Taken along with the shortening of the days that rapidly accelerates this time of year, the total experience is pleasantly melancholy.
That mood is appropriate when we consider that the attraction of the New England fall comes from the loveliness of leaves slowly dying. Like the proverbial swan song, it is an aesthetic experience standing at the intersection of beauty and death. Eventually, the trees will be bare — all but the evergreens which do not change color — and the coming winter landscape will, at least among the leafless tress and shrubs, have the look of cold death. Then, the white snow that covers the ground and clings to roofs and branches will provide its own sort of wintry mystique.
On the feast of Saint Ursula and Companions, virgins and martyrs, while driving back to our campus from Holy Mass, I was struck by just how beautiful these leaves are. It dawned on me — I’m sure quite unoriginally — how much this leafy Nunc dimittis has to teach us. The words, Pretiósa in conspéctu Dómini mors Sanctórum eius, came to mind — “Precious in the sight of the Lord is the death of his saints” (Ps. 115:15). They are daily sung in the office of Prime, just after the chanting of the Roman Martyrology for the next day.
We were created, as was the entire universe, for God’s glory. This is no mere “nice thought”; it is Catholic dogma (Vatican I, Session 3, Canon 5). Says the Apostle, “Therefore, whether you eat or drink, or whatsoever else you do, do all to the glory of God” (1 Cor. 10:31). Our death is included in that “whatever else [we] do,” and it, like the deaths of all the martyrs the Church celebrates, should glorify God. It should be precious in His sight.
God probably does not care an awful lot about leaves. Comparatively speaking, He cannot. These things have vestiges of His Majesty but are not in His image and likeness as are we men. Sparrows, being sentient beings, are further up the hierarchy of being from vegetative life, but even these remarkable creatures are not the center of God’s concern on this earth. That said, as we are assured by Truth Himself, not one of these tiny birds falls to the ground without our Father knowing it. A person — a being who will live forever — is of much greater consequence in the divine scheme of things, which was exactly Our Lord’s point in mentioning sparrows in Matthew 10.
The beauties of nature — of inanimate things, living things, and, yes, dying things — were made for God’s glory and also for our contemplative instruction, which, if we use it rightly, will augment God’s glory. We should be as beautiful, as precious, in death as are the autumn leaves — only more so. Each utterly unique leaf will decompose never to rise again, while other leaves will come to replace them in spring. This is but an image of something far greater that will happen in us, for we look ahead to the promise of a new springtime when we ourselves will rise again in eodem corpore — in the same body — and all will be bright and living again. Liturgically, green, the color of spring, is the color of hope.

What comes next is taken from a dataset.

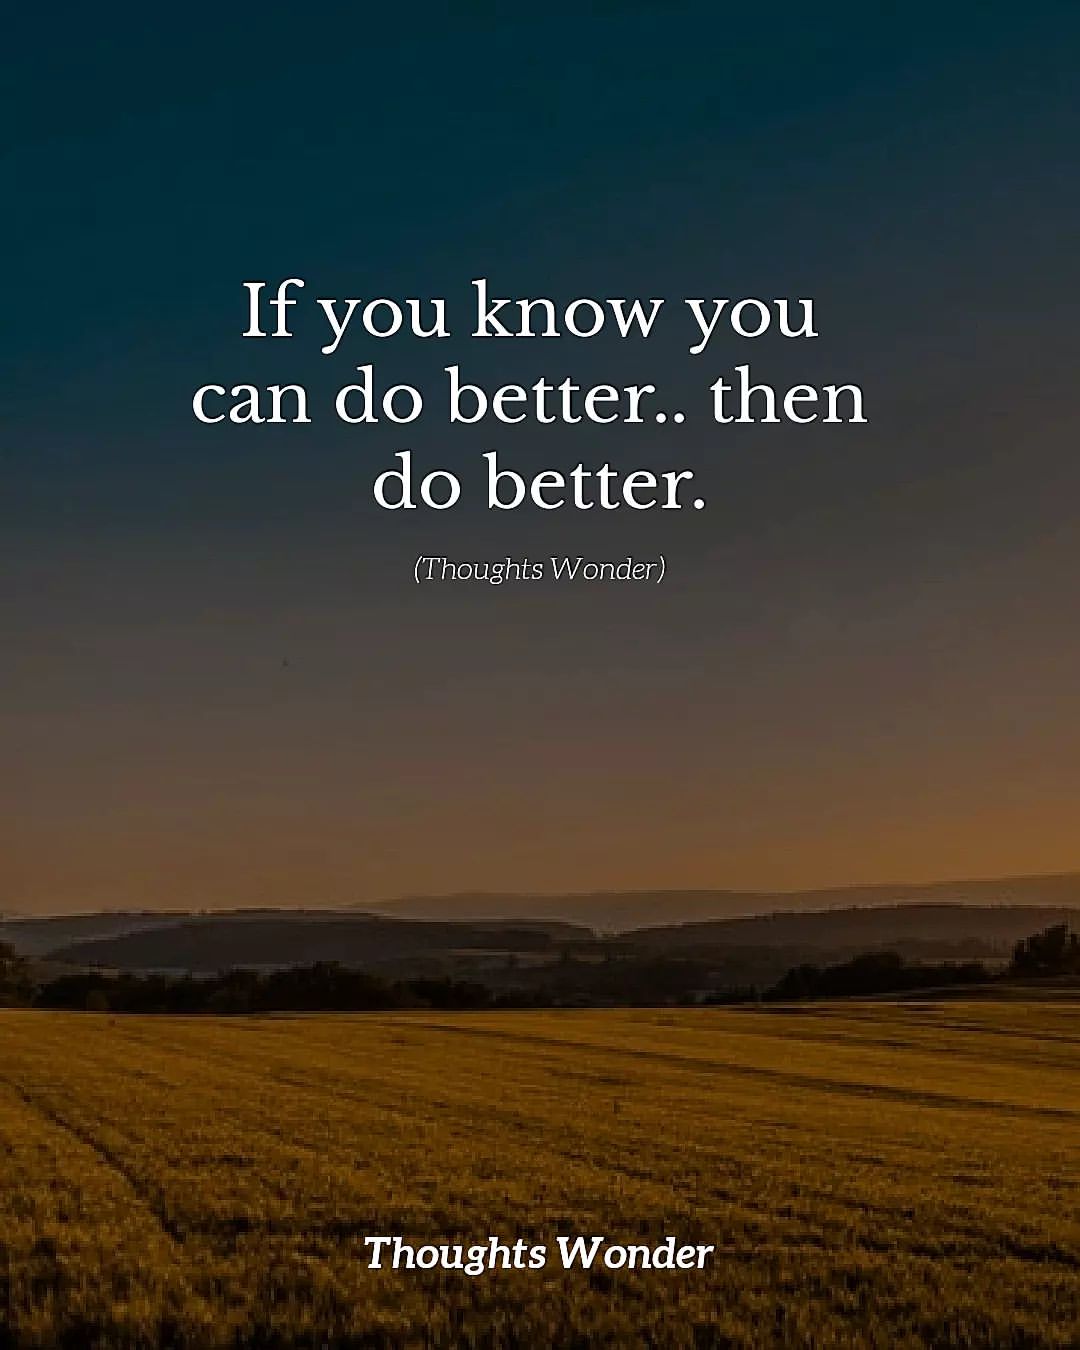 If you know you can do better... then do better.

Is it any wonder that what the Roman Martyrology calls, “the solemnity of solemnities and our Pasch,” always happens in spring? (Given the formula for determining Easter that we have received from the Council of Nicaea, Easter must always come after the vernal equinox.) Christ’s Resurrection is the cause, the type, and the pledge of our own.
Meantime, we who are blessed to have autumn color where we live should avail ourselves of this gift of the the divine Wisdom, which, in this last part of the Church’s year, unites the testimony of nature to that of the Church’s liturgy to direct our attention to the Last Things.